Wish we could go back and see this number by the original Broadway cast, which included Ann Reinking, Jill Clayburgh and Granny Clampett herself, Irene Ryan (who died during the show’s run after having a stroke onstage).
I’ve read many times over the years that Stephen Schwartz and Bob Fosse were at each other’s throats while staging the original Broadway show. Schwartz wanted it to be jolly fun but the all-powerful Fosse took it down a dark and depraved road, that’s the usual take.
But Schwartz says in a PDF on his website that it ain’t really so:
The differences between the “Bob Fosse version” of PIPPIN and mine have always been much exaggerated. The media thrive on controversy, and much of this one was invented by them. Though Bob and I did not have a particularly easy time working together, our visions for the show did not diverge all that much. One of our biggest differences was about the ending — believe it or not, two words specifically — whether or not Pippin should say he was “trapped … but happy” or just “trapped” at the end.

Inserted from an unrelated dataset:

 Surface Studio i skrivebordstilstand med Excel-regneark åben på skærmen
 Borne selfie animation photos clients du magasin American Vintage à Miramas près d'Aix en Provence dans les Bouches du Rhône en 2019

My issue with Bob Fosse was not so much the darkness of his vision but the tawdriness and the emphasis on bumps and grinds and cheap jokes. I also felt that the Leading Player was undercutting the focus on Pippin in some cases and forcing Pippin to become a relatively one-dimensional character.
Bob was notoriously difficult for authors to work with (one long-time collaborator of his once smilingly said to me, when I brought up his name, “You mean The Antichrist?”) That being said, his creativity and talent ultimately outweighed the difficulty of collaborating with him, at least in my opinion. I don’t know that there is a contemporary director/choreographer who has as distinctive a personal style as Bob did.
Perhaps it was my youth and naiveté when I worked on PIPPIN, but I saw no evidence of Bob’s drug or alcohol use. While I didn’t find him the easiest personality in the world to deal with, he was always on time, organized and focused — traits not associated with drug or alcohol abuse. Whatever he may have been doing in his off time, he was always entirely professional in his dealings with PIPPIN, as far as I observed.